In this example, during the evaluation of the inner integral with respect to \(y\), \(x\) is considered as a constant, thereby simplifying the process. Then, the integrand
\(3x + 4y\)
is integrated with respect to \(y\), yielding a function of \(x\) alone. This process is repeated for the outer integral, integrating the resulting expression with respect to \(x\). This layer-by-layer approach is particularly useful for functions that are separable in their variables, such as polynomials, exponentials, and trigonometric functions.

A definite integral has specific limits or 'bounds' of integration, and it represents the accumulation of quantities like area or volume, depending on the dimensionality. In the given exercise, we encounter a double definite integral with bounds from \(0\) to \(1\) for \(y\) and from \(0\) to \(2\) for \(x\).

When evaluated, a definite integral produces a numerical value, as opposed to an indefinite integral, which results in a function plus an arbitrary constant. For the inner integral, we integrated \(3x+4y\) with respect to \(y\) and applied the bounds \(0\) to \(1\). Then for the outer integral, we integrated with respect to \(x\), applying the bounds \(0\) to \(2\), which ultimately yielded the numerical solution \(10\).

• The evaluation of the outer integral is done after substituting the bounds of the inner integral.
• It encapsulates the area of the region described by the bounds of integration.

In practice, finding the definite integral is highly dependent on the bounds of integration, and close attention must be paid to these bounds to ensure an accurate result.

Visualizing the region of integration is a crucial step in evaluating double integrals, as it provides insight into the geometry of the problem. Sketching the region helps to verify the correct application of the limits of integration.

In our example, the region of integration is a rectangle in the \(xy\)-plane defined by the bounds \(0\) ≤ \(x\) ≤ \(2\) and \(0\) ≤ \(y\) ≤ \(1\). The four vertices of this rectangle are \((0,0)\), \((2,0)\), \((2,1)\), and \((0,1)\).

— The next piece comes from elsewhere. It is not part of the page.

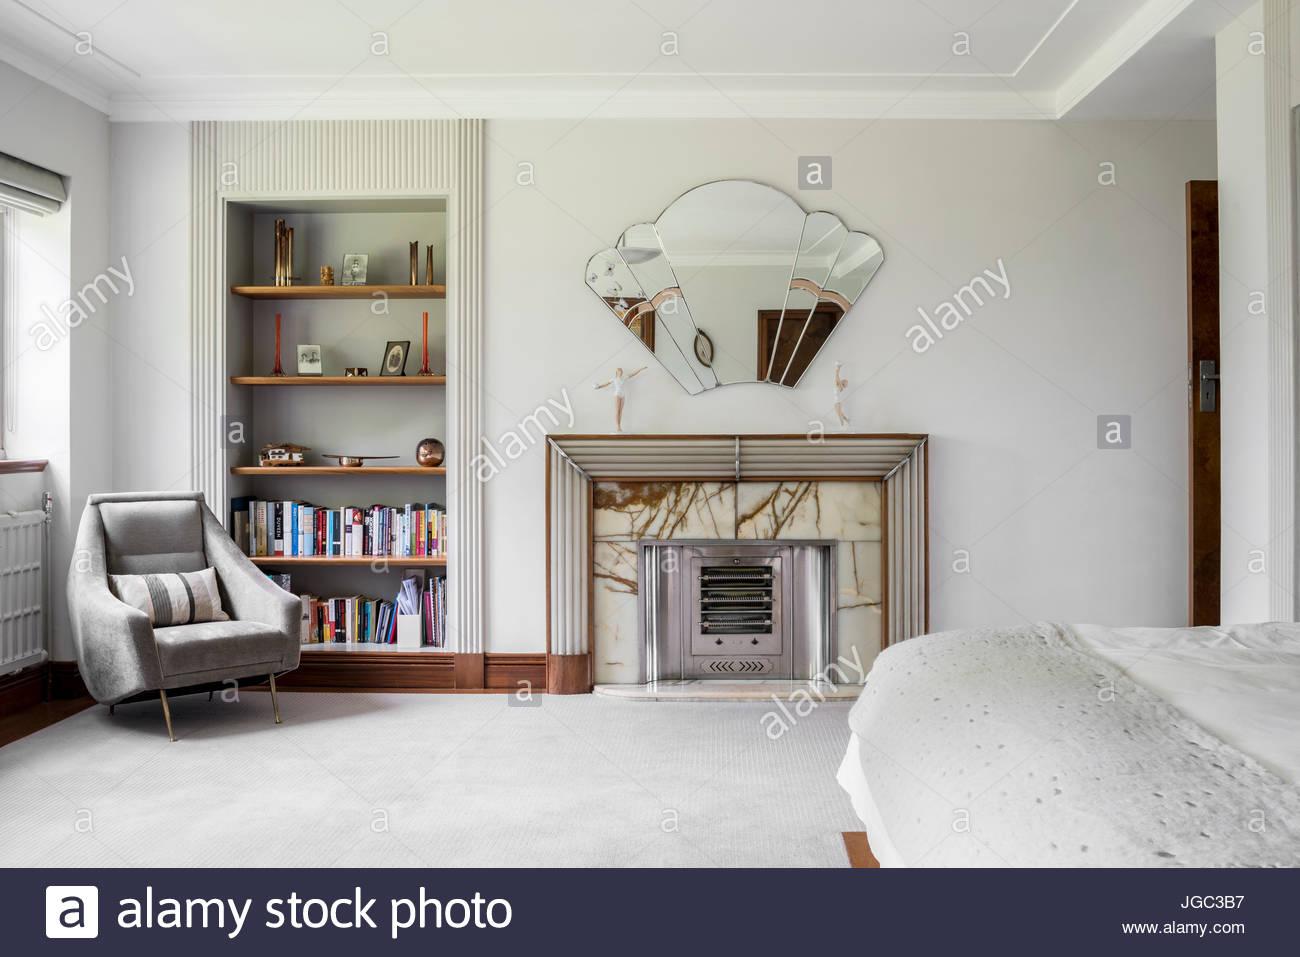 Camera Da Letto Grigio Chiaro : Grigio chiaro poltrona e scaffali accanto a art deco camino e lo

It is essential to ensure that the sketch is accurate, as a misunderstanding of the region can lead to errors in the setup and execution of the integral.

Benefits of Sketching the Region:

• Serves as a visual aid in understanding the limits of integration.
• Allows for the identification of symmetries and geometrical properties that might simplify the integration process.
• Is helpful for recognizing instances where alternative methods like polar, cylindrical, or spherical coordinates may be beneficial.

For more complex regions, sketching becomes even more pivotal. It provides a reference for setting up iterated integrals, choosing the order of integration, and applying the appropriate integration technique.